# Philodendron Wend Imbe



## boabab95 (Nov 5, 2009)

I know lots of people use it, but was wondering couple things...

How big does it get? How fast?
is it easily propagated?
does it like dry soil? or wet?




Thanks,
Jeremy.


----------



## Groundhog (Dec 17, 2006)

This is a hybrid that may rarely occur naturally; two very different plants!

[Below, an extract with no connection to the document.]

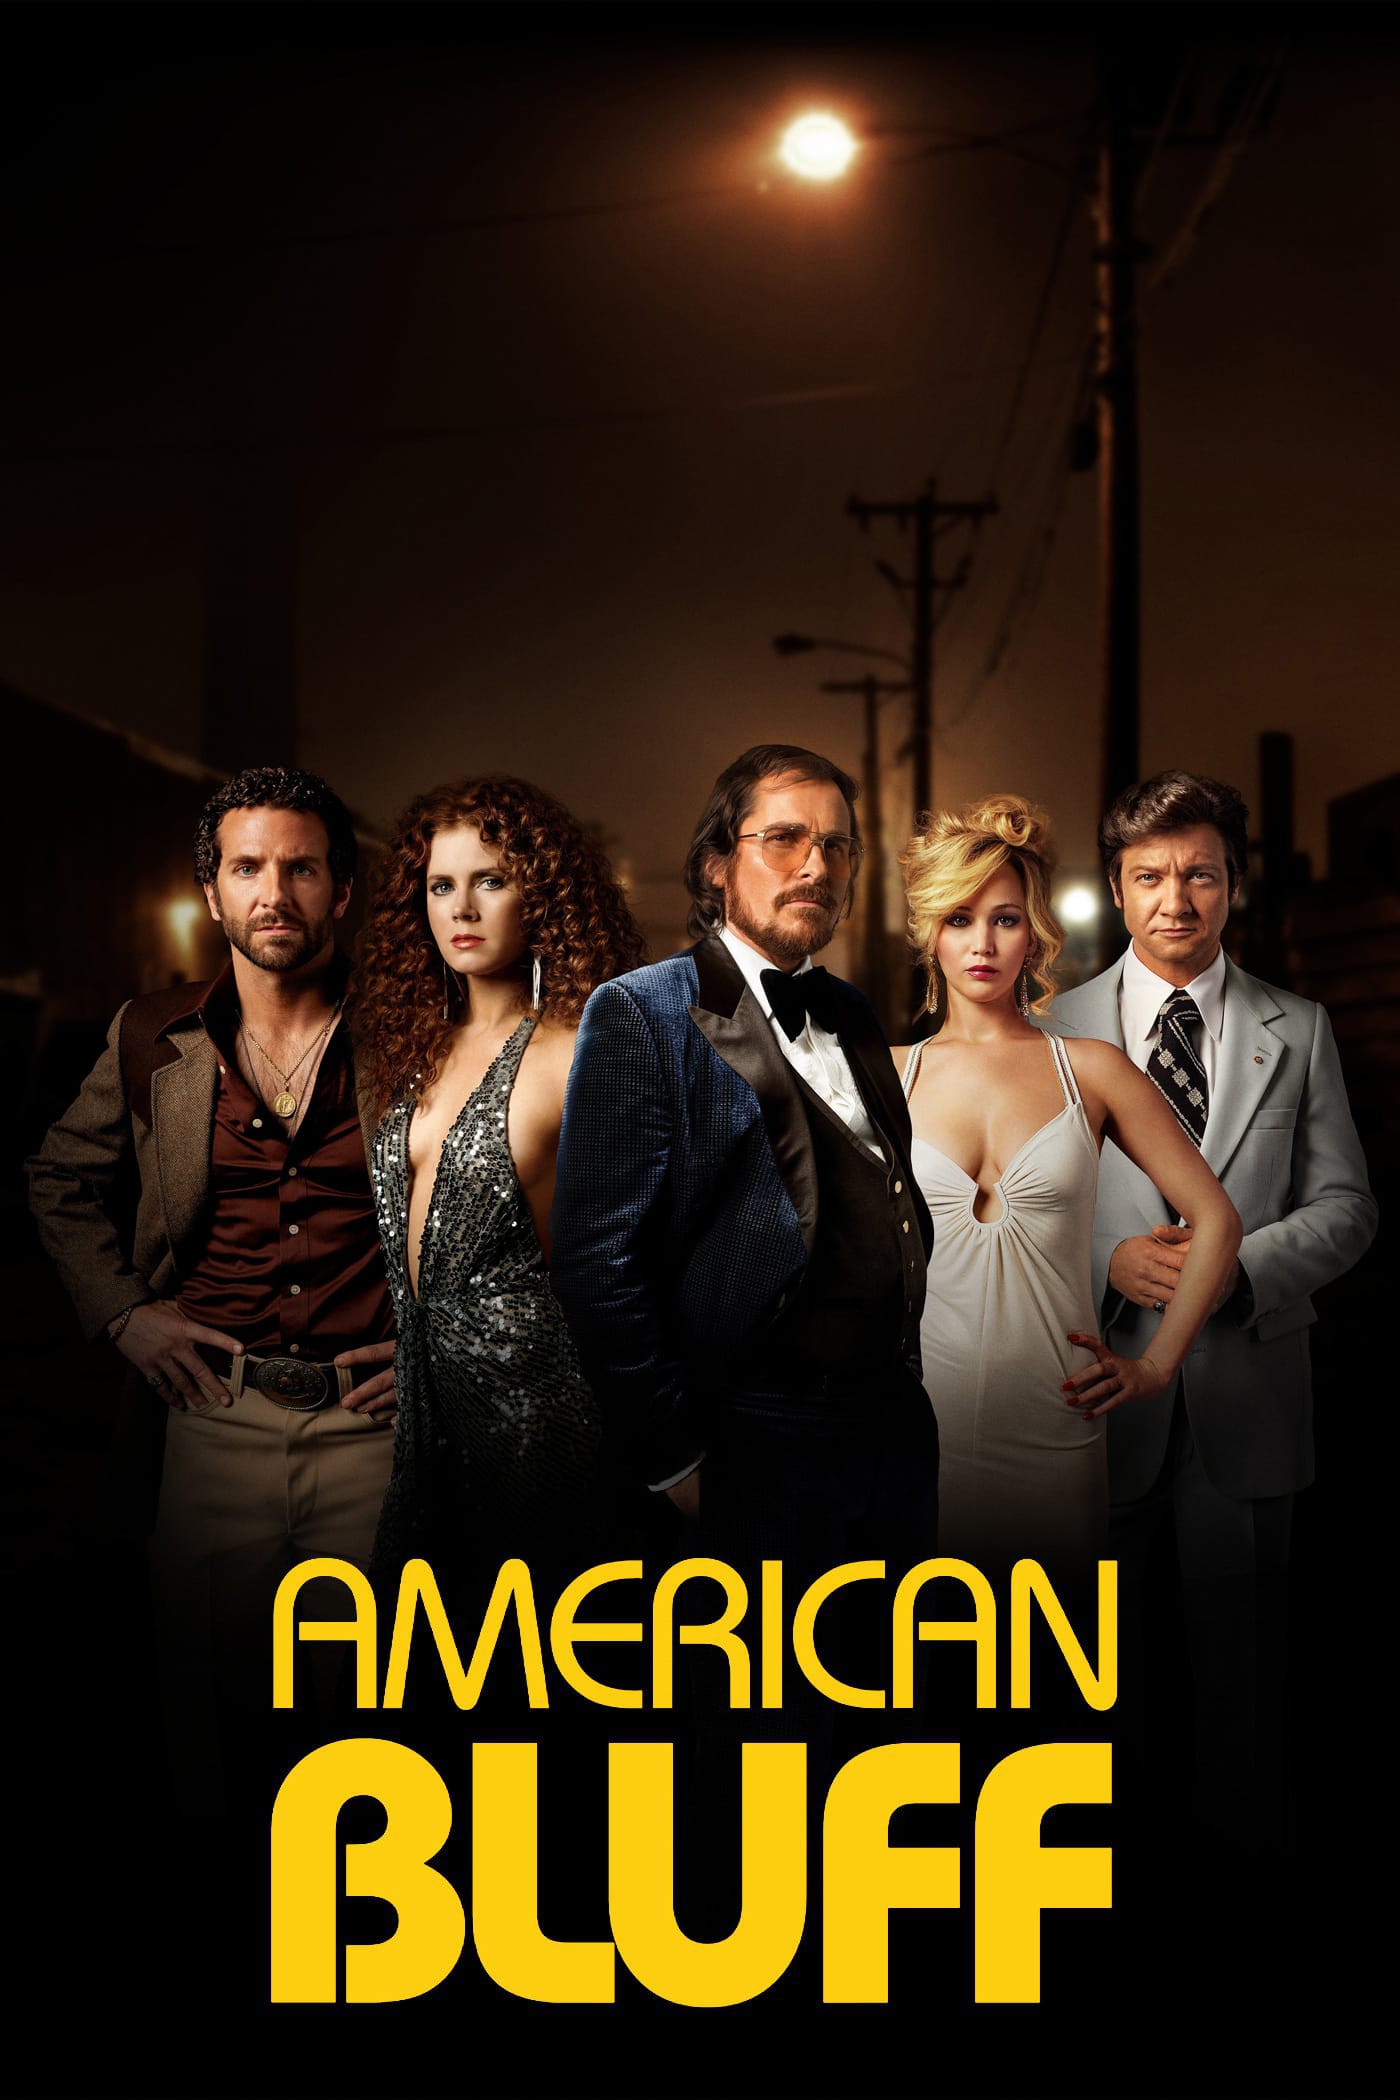 Affiche du film "American Bluff"
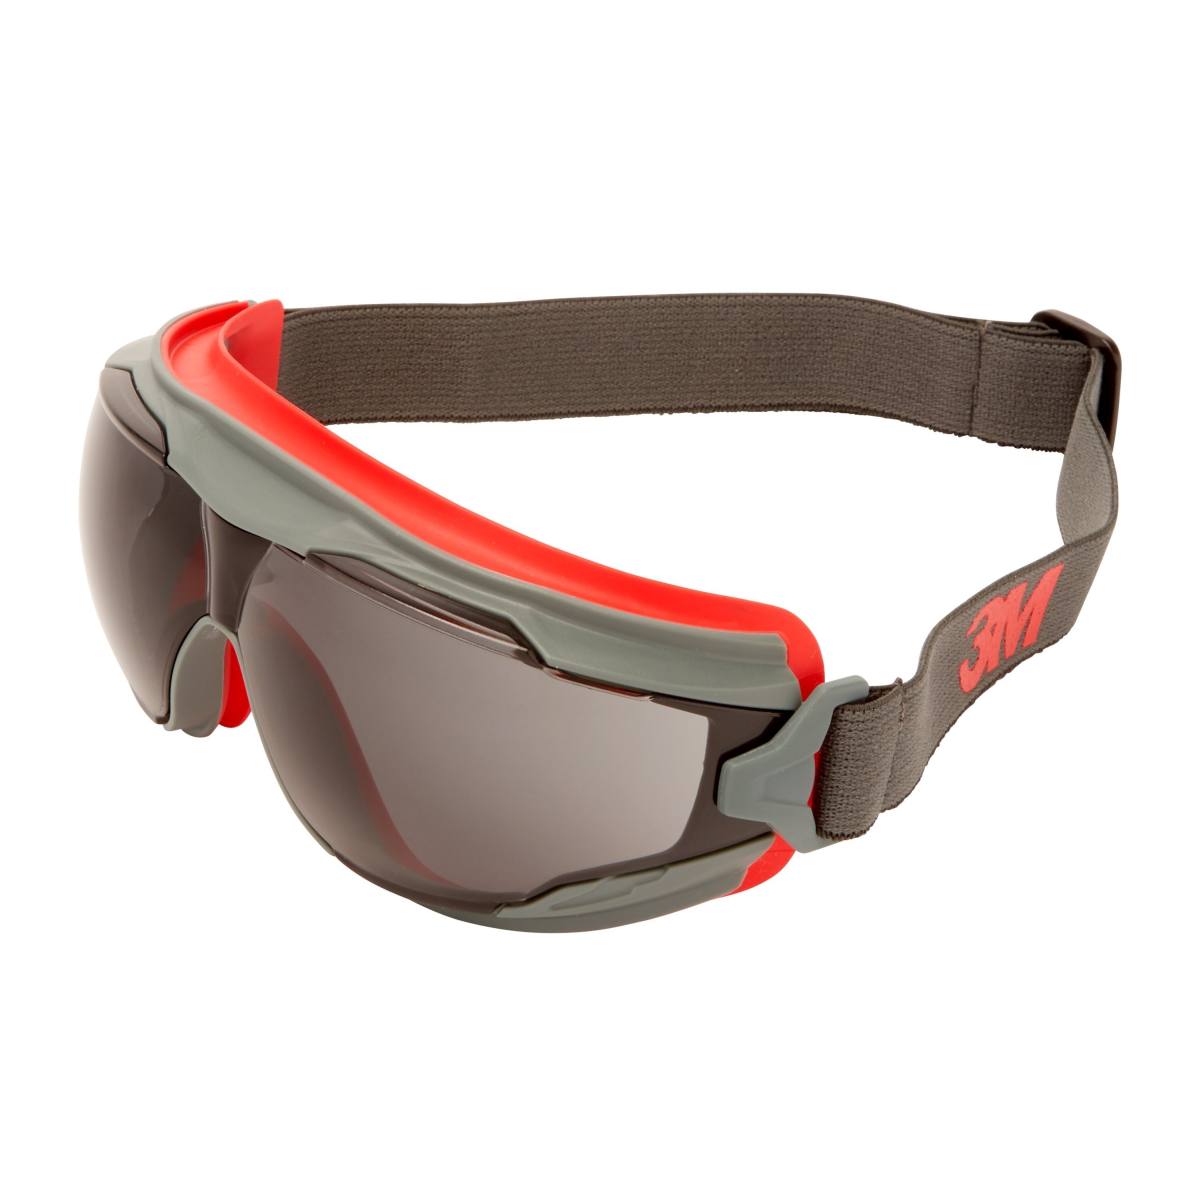 3M Gafas de visión total GoggleGear 500 GG502SGAF-EU, montura gris rojiza, lentes grises, cinta de neopreno negra para la cabeza

1) The BIGGEST I have ever seen in photos seemed about 8" X 10" 
2) It would take quite while to do that; they are not as fast as other philos or Syngoniums. You can divide the clumps to make more plants.
3) It prefers moderate soil with good drainage, with fairly high humidity (typical terrarium lant). It can however, adjust to a wetter substrate--but do that with young plant, not a plant with a big root system (it'll rot).


----------



## boabab95 (Nov 5, 2009)

Ok, thank you...


----------



## littlefrog (Sep 13, 2005)

The plant that I have (and sell) as wendimbe is not large at all. Biggest I've seen is 3-4" tall. I just have one or two plants that I keep dividing. It grows as a clump and it grows rapidly, but doesn't get very large.

Rob


----------



## mickipedic (May 20, 2010)

I got one of Rob's through Josh, and it's growing just fine in ABG mix. Hasn't gotten much bigger than it was when I got it a couple months ago, but seems really healthy. BTW, thanks Rob- my whole terrarium is from your stock and they're all great plants!


----------



## skylsdale (Sep 16, 2007)

I have a clump that is around 9x10" that just keeps growing and growing--it is propped up growing up against the side of the tank. I don't see any sign of it slowing down (it's rooted at its base in infield turf conditioner). I could easily divide it into dozens of small plants, but right now it's just a massive clump.


----------



## zBrinks (Jul 16, 2006)

I picked up several clumps of it from Rob a few months back. I incorporated them into a drip wall, where the roots are wrapped in sphagnum, then shoved into a sponge-like foam background with water constantly dripping down it. They've tripled in size in the 6 weeks they've been planted in that condition - leaves are easily 5-6 inches long in the largest clump (maybe 6 inches across and 8 inches tall) - which is kept pretty wet. The other clumps are kept drier, and are remaining smaller.


----------



## yours (Nov 11, 2007)

http://www.blackjungleterrariumsupply.com/Philodendron-Wend-Imbe_p_615.html

Just picked up a couple of these from Black Jungle, they're listed under "firebelly vivarium plants" so thought I'd give 'em a shot............also one for my future painted mantella's enclosure! 



Alex


----------



## skylsdale (Sep 16, 2007)

I agree with Zach: the ones with plenty of moisture are doing the best...those that don't have it are just sort of getting by.


----------